» **Information shown**:
+++

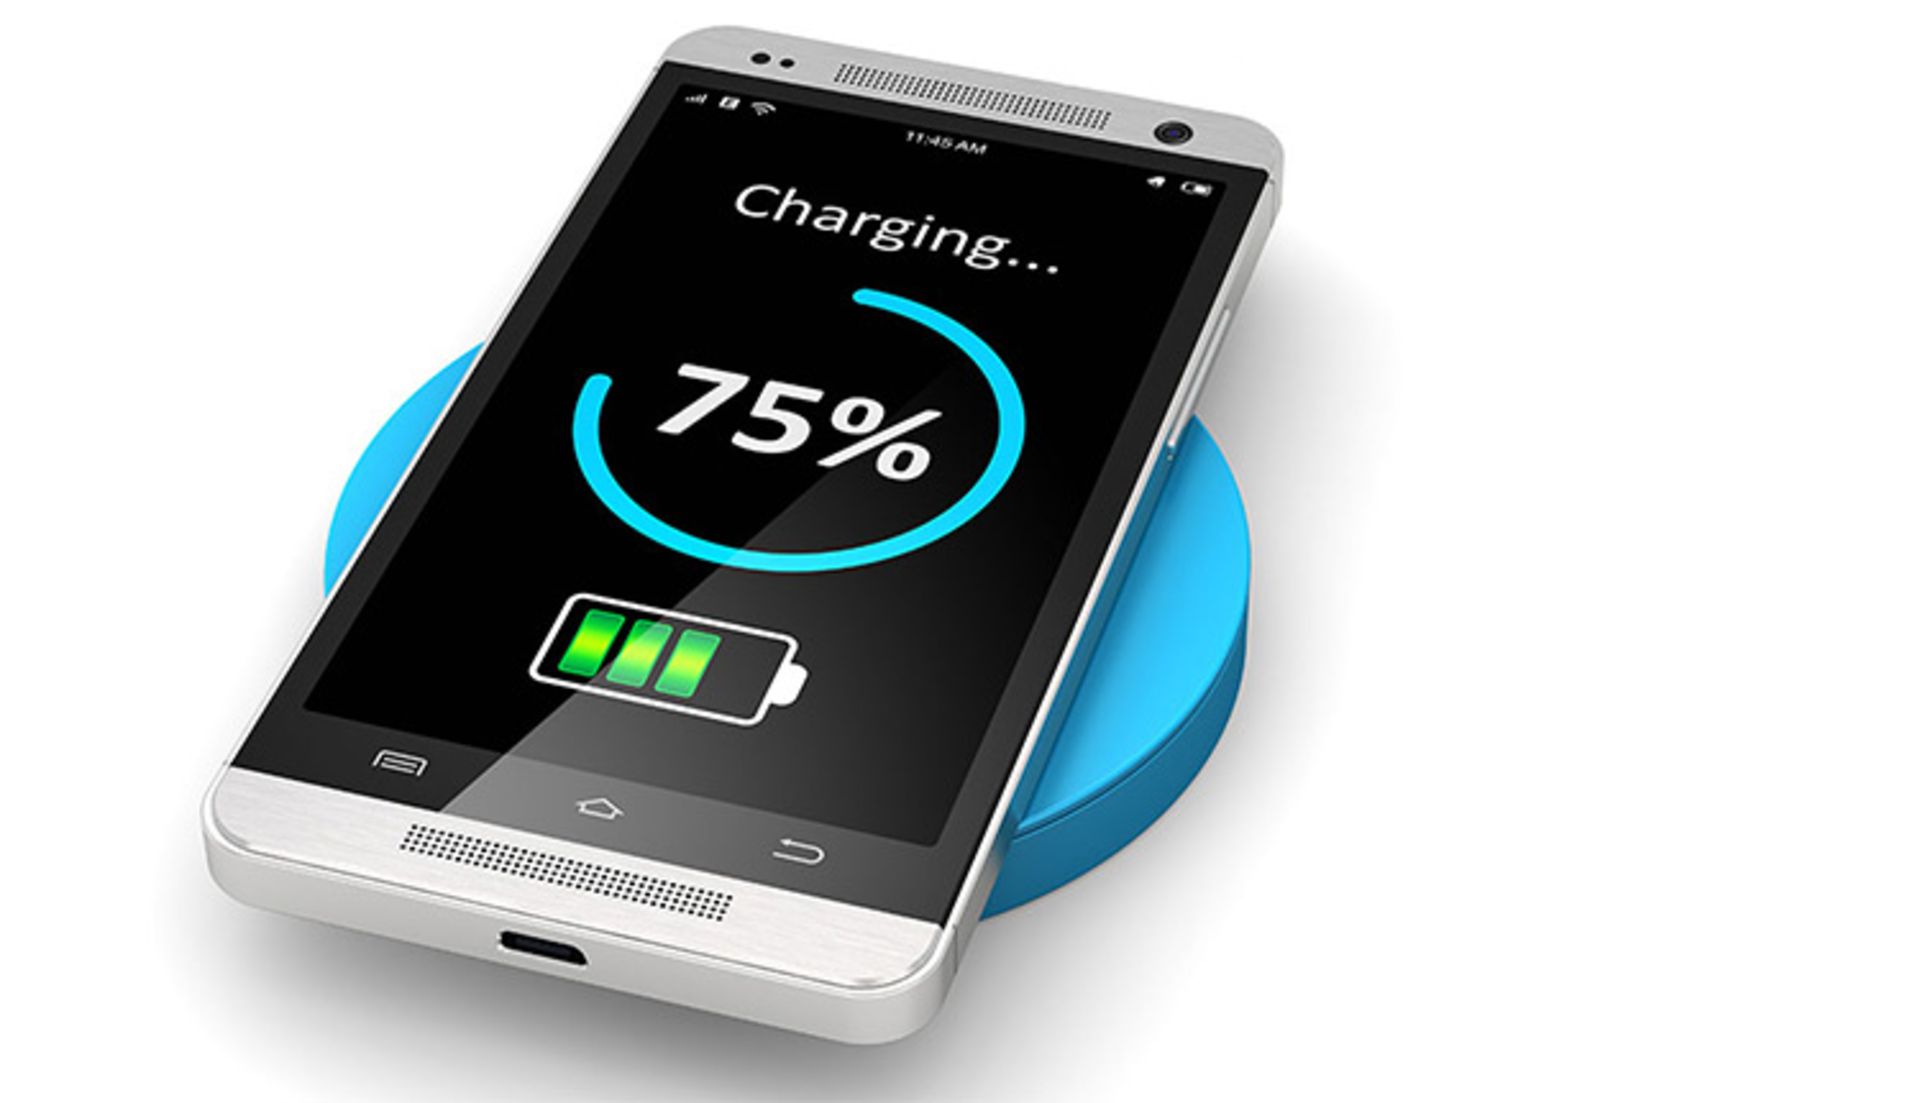 75 percent charged
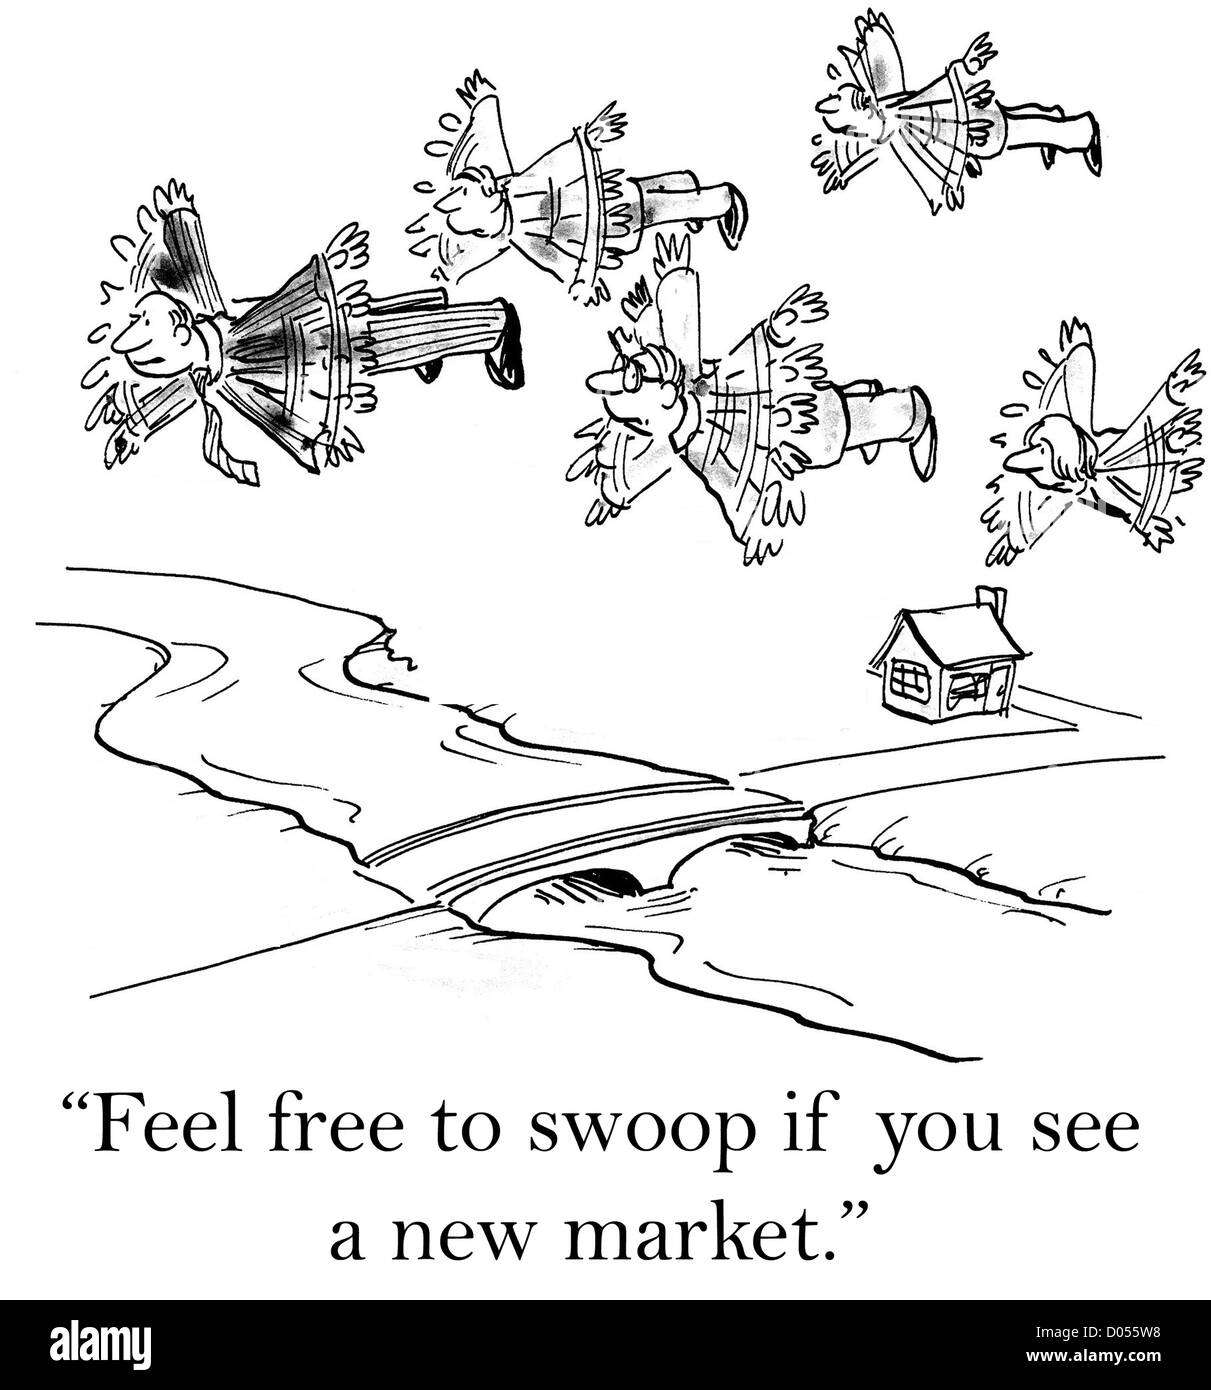 'Feel free to swoop if you see a new market.' Stock Photo
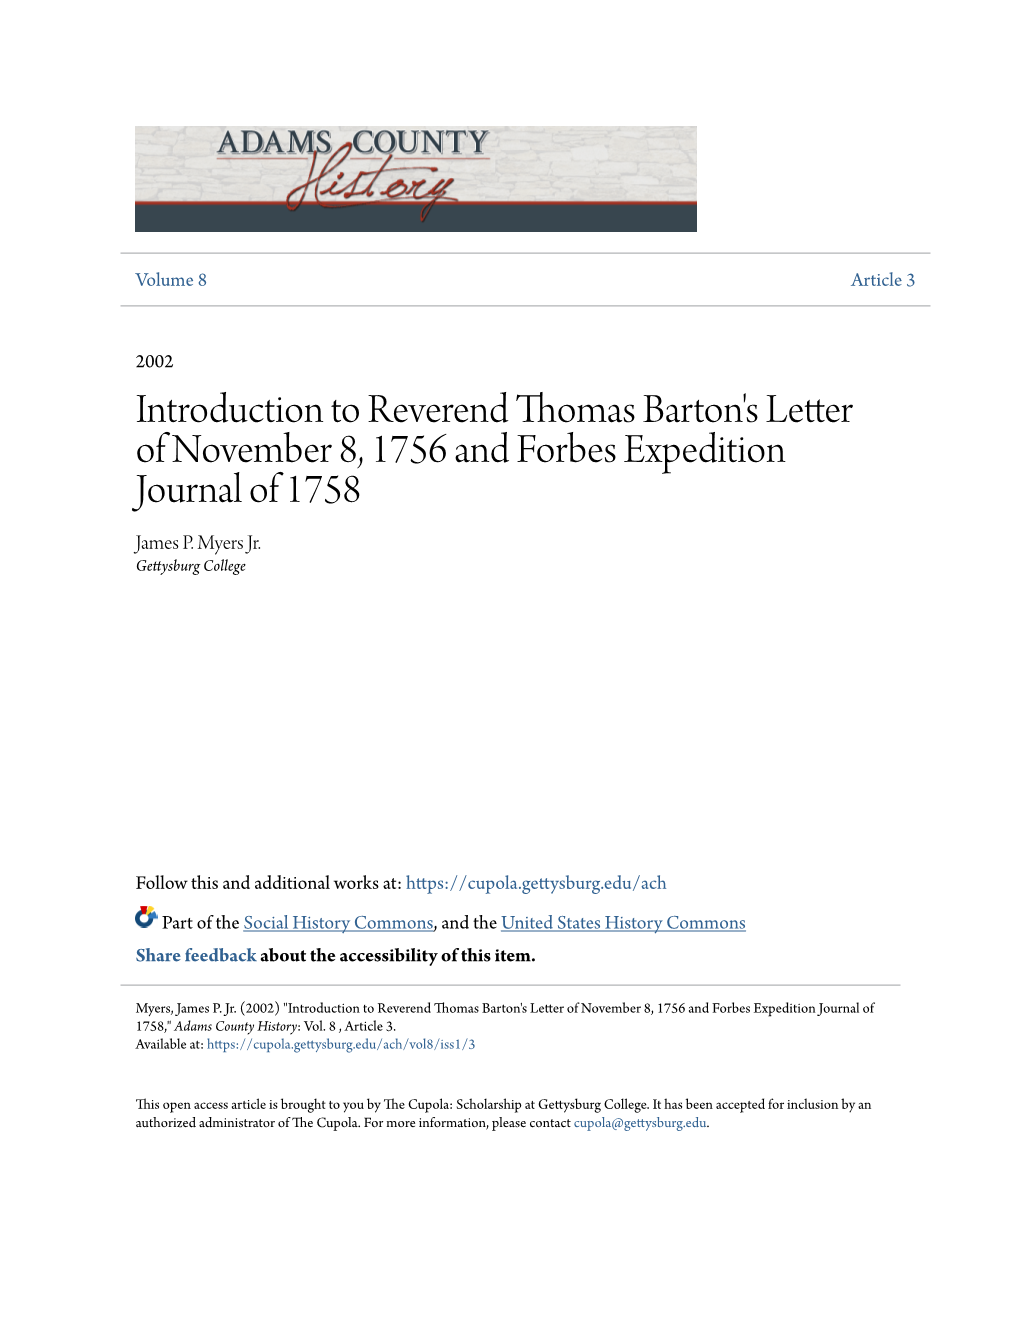 Introduction to Reverend Thomas Barton's Letter of November 8, 1756 and Forbes Expedition Journal of 1758 James P

+++

» **Aim of the task**: Reproduce the listing exactly, minus its pictures.

» **Result**:
 75 percent charged
 'Feel free to swoop if you see a new market.' Stock Photo
 Introduction to Reverend Thomas Barton's Letter of November 8, 1756 and Forbes Expedition Journal of 1758 James P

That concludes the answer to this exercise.